NCT ID: NCT02585609 Completed - Neoplasms Clinical Trials

Sleep Quality in Patients With Advanced Cancer

Start date: October 2015
Phase: N/A
Study type: Observational

The primary focus of this clinical study is the objective and subjective measurements of sleep quality in patients with advanced cancer using opioids. It also examines sleep disturbances and associations between sleep quality and symptoms in order to improve symptom management in patients with advanced cancer. The overall aim of this study is to improve the clinical understanding of sleep quality in patients with advanced cancer using opioids and to improve the understanding of how sleep quality may best be measured in order to improve symptom management.
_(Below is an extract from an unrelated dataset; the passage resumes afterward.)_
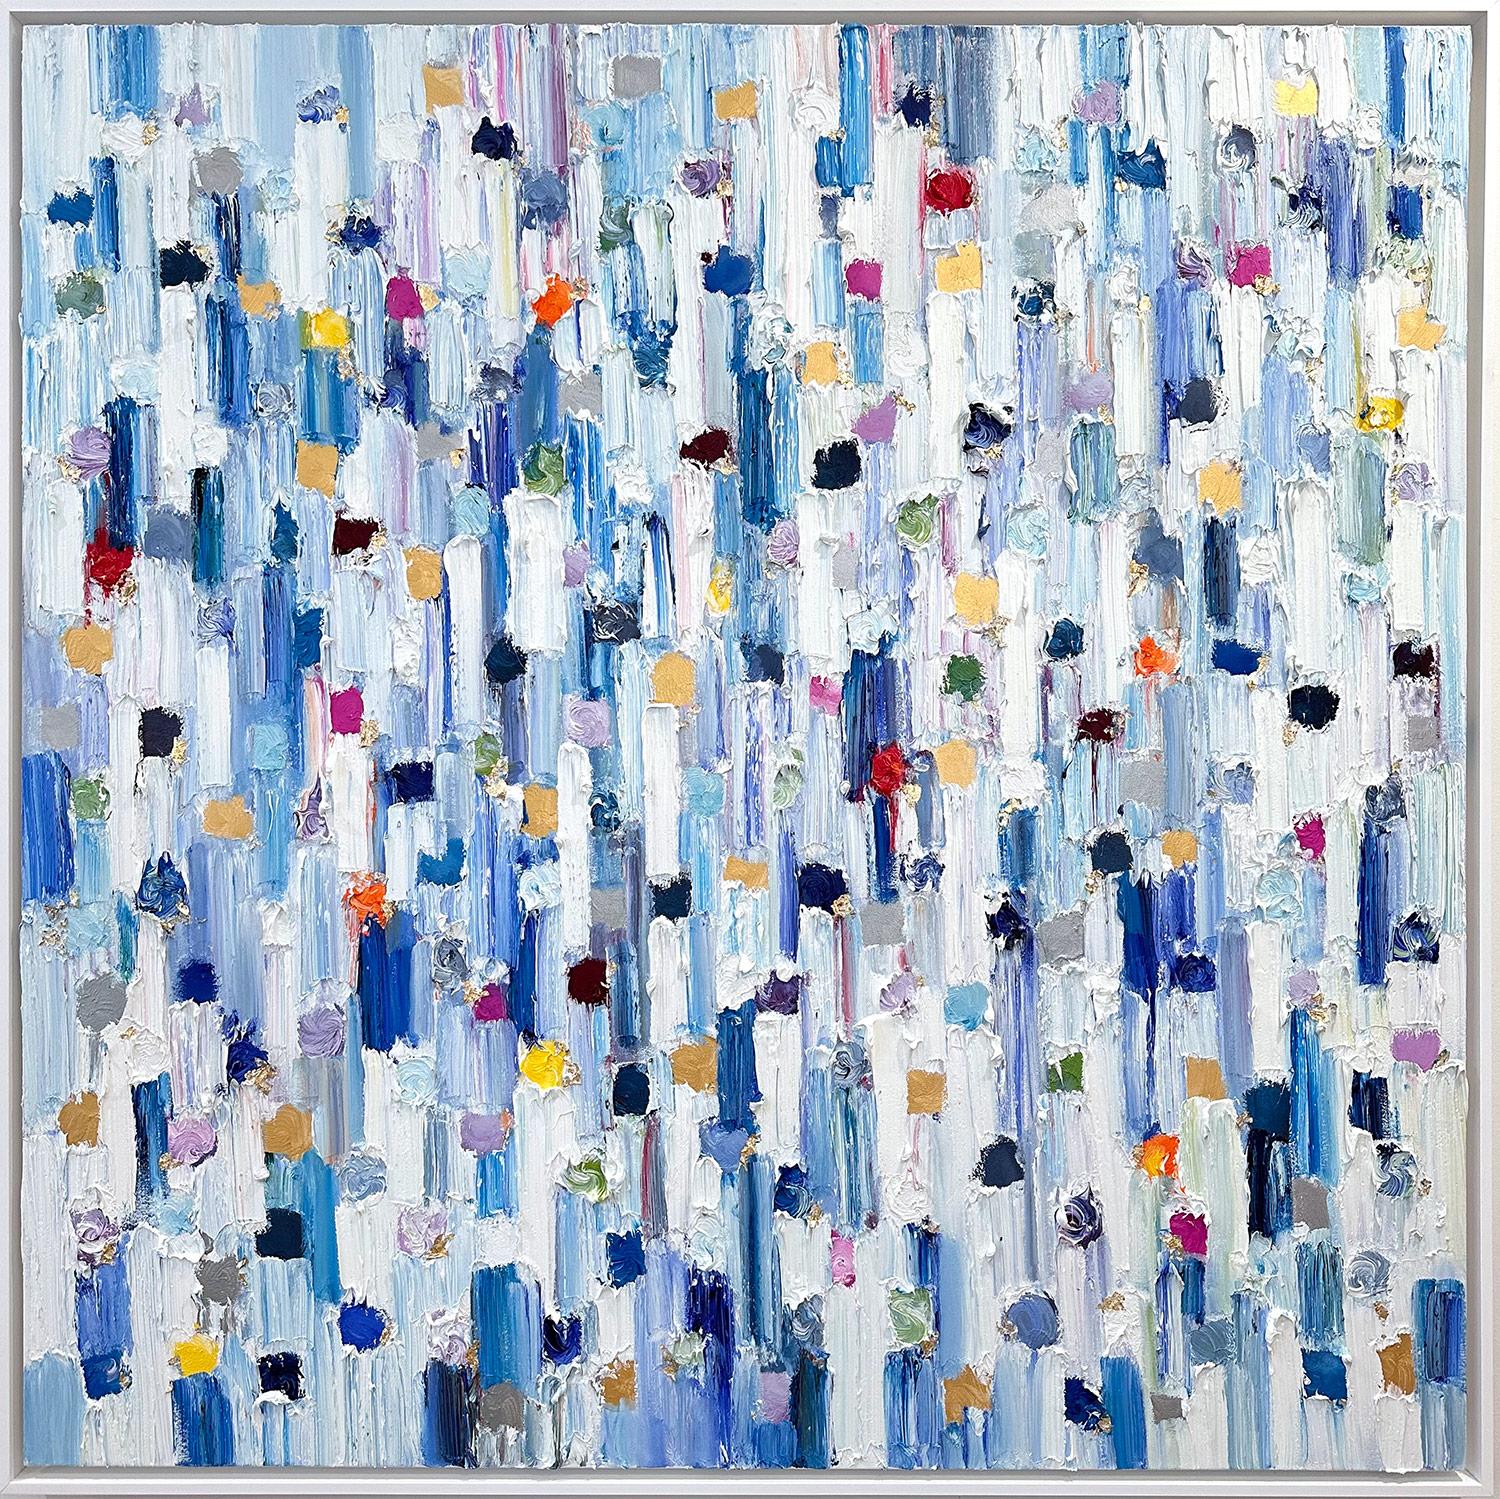 Abstract Painting Cindy Shaoul - "Dripping Dots - St. Barths" Peinture à l'huile contemporaine sur toile encadrée

NCT ID: NCT02584933 Active, not recruiting - Clinical trials for ALK Positive Malignancies

Roll-over Study to Allow Access to Certinib (LDK378) for Patients Who Are on Ceritinib Treatment in a Novartis-sponsored Study

Start date: December 11, 2015
Phase: Phase 4
Study type: Interventional

The rollover study will provide ceritinib to patients who are currently receiving treatment with ceritinib within a Novartis-sponsored study and in the opinion of the investigator, would benefit from continued treatment with ceritinib.
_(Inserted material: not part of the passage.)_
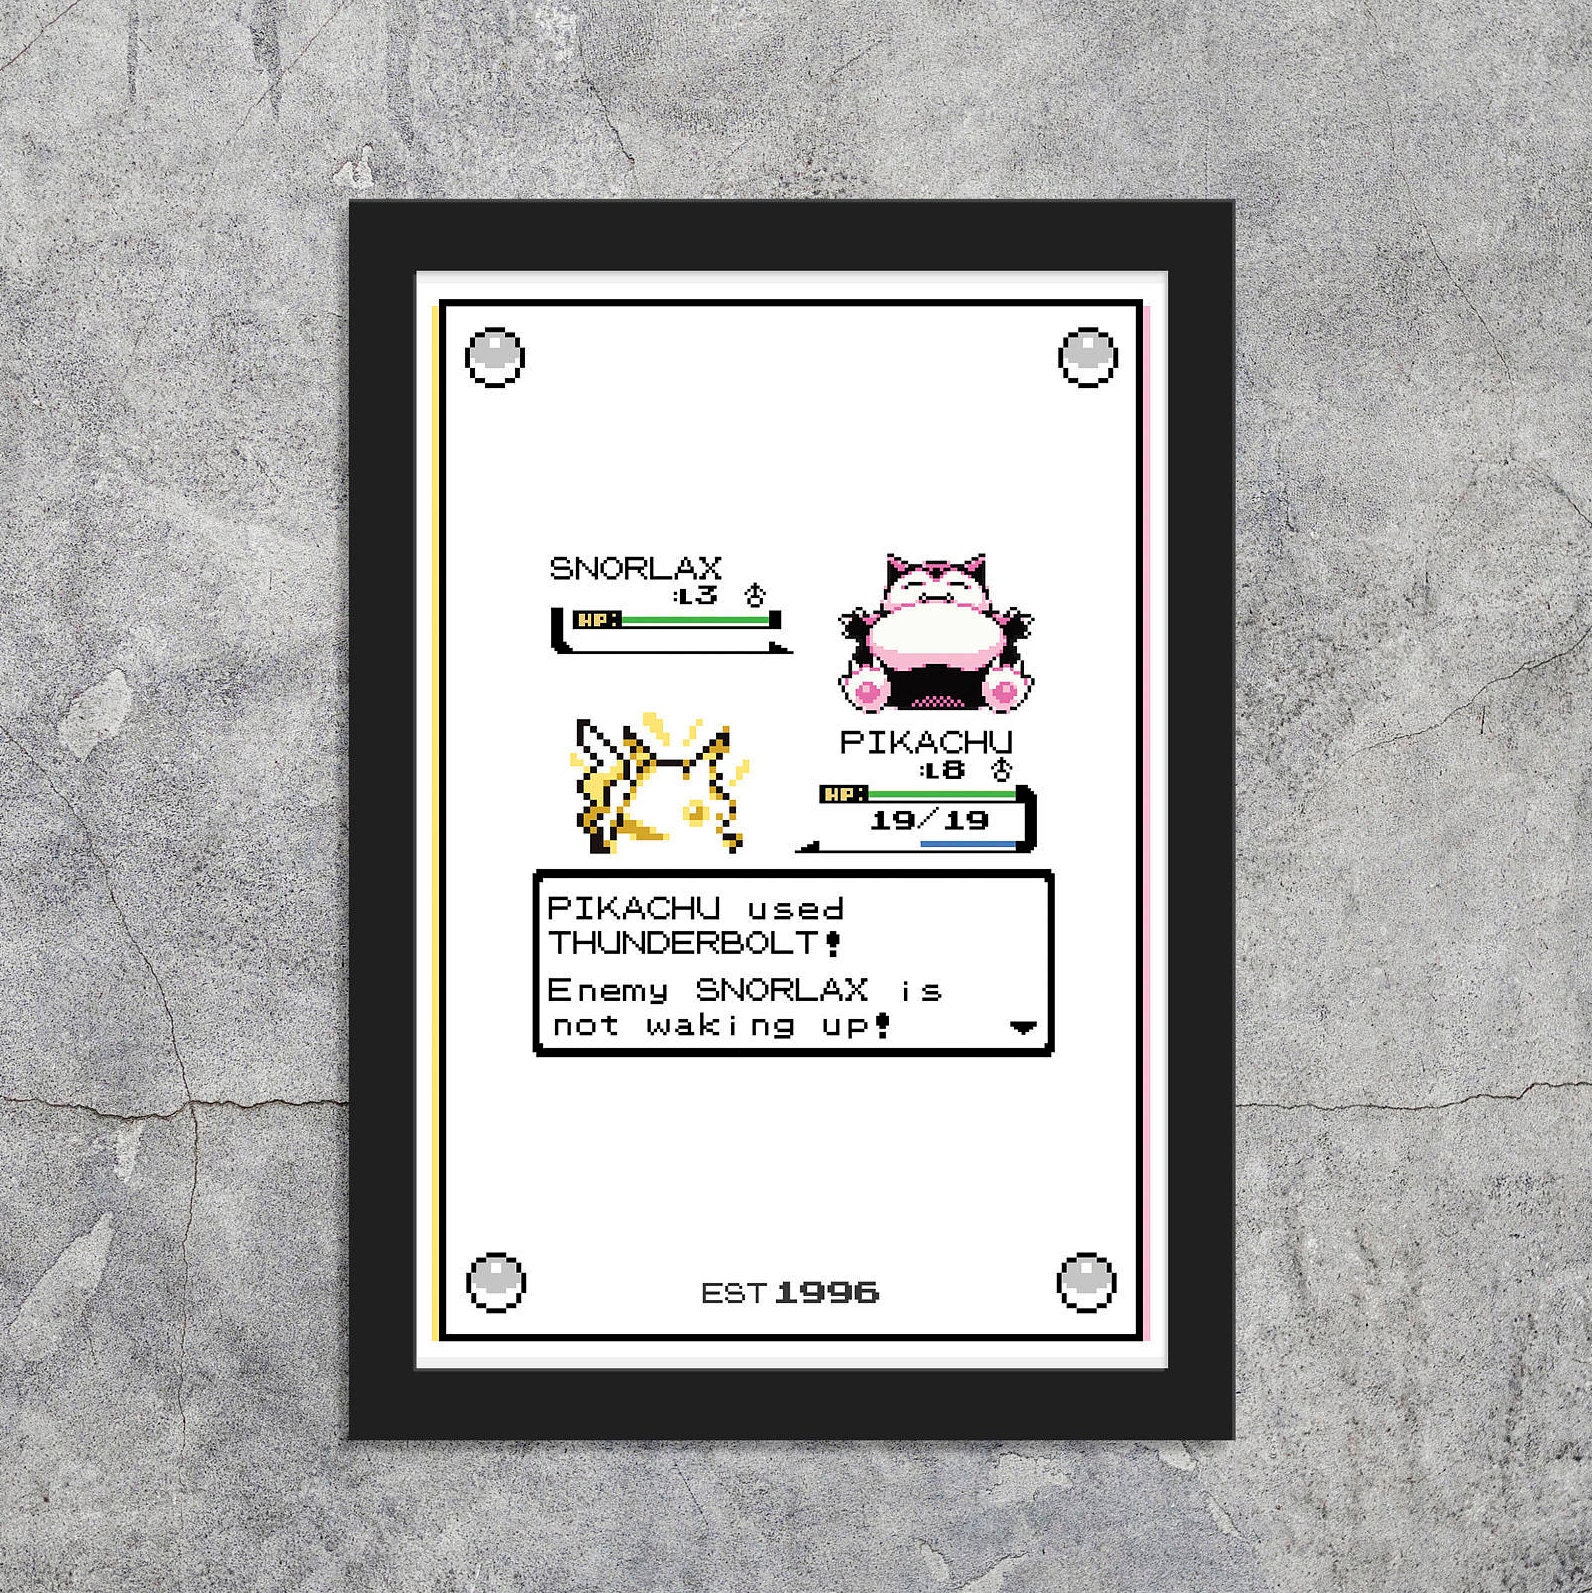 Affiche encadrée personnalisable - Thème Pokémon – OzeCréations

NCT ID: NCT02584400 Terminated - Prostatic Neoplasms Clinical Trials

Tumor Hypoxia With HX4 PET in Several Diseases

HX4 SD
Start date: May 2016
Phase: Phase 2
Study type: Interventional

Regulation of tissue oxygen homeostasis is critical for cell function, proliferation and survival. Evidence for this continues to accumulate along with our understanding of the complex oxygen-sensing pathways present within cells. Several pathophysiological disorders are associated with a loss in oxygen homeostasis, including heart disease, stroke, and cancer. The microenvironment of tumors in particular is very oxygen heterogeneous, with hypoxic areas which may explain our difficulty treating cancer effectively. Prostate carcinomas are known to be hypoxic. Increasing levels of hypoxia within prostatic tissue is related to increasing clinical stage, patient age and a more aggressive prostate cancer. Several researches indicated that hypoxia might also play a role in esophageal cancer. In glial brain tumors, hypoxia is correlated with more rapid tumor recurrence and the hypoxic burden in newly diagnosed glioblastomas is linked to the biological aggressiveness. In brain metastases CA-IX expression (a marker for hypoxia) is correlated to the primary non-small cell lung carcinomas. Hypoxia enhances proliferation, angiogenesis, metastasis, chemoresistance and radioresistance of hepatocellular carcinoma. The hypoxic markers HIF-1α, VEGF, CA-IX and GLUT-1 were all over expressed in colorectal cancer and its liver metastases. Based on literature, hypoxia in tumors originating or disseminated to prostate, esophagus, brain and rectum cancer will be studied in this trial.

NCT ID: NCT02583932 Completed - Advanced Cancer Clinical Trials

Randomized Controlled Trial of the Meaning-Making Intervention (MMi) In Newly Diagnosed Advanced Cancer

Start date: October 2015
Phase: Phase 3
Study type: Interventional

To test whether the Meaning-Making intervention (MMi)(Lee, 2004) plus usual care increases the sense of meaning in life in people newly diagnosed with any type of advanced cancer, compared to similar people who receive 1) usual care alone or 2) usual care plus visits from an empathic visitor, at 2 months after randomization to one of these treatments. The investigators will also evaluate whether any effect is present at 4 and 6 months post-randomization, and the MMi's impact on anxiety/depression, quality of life, existential wellbeing, and posttraumatic growth. To answer our research questions 471 newly diagnosed (<6 months) advanced cancer patients (stages III or IV) will be studied.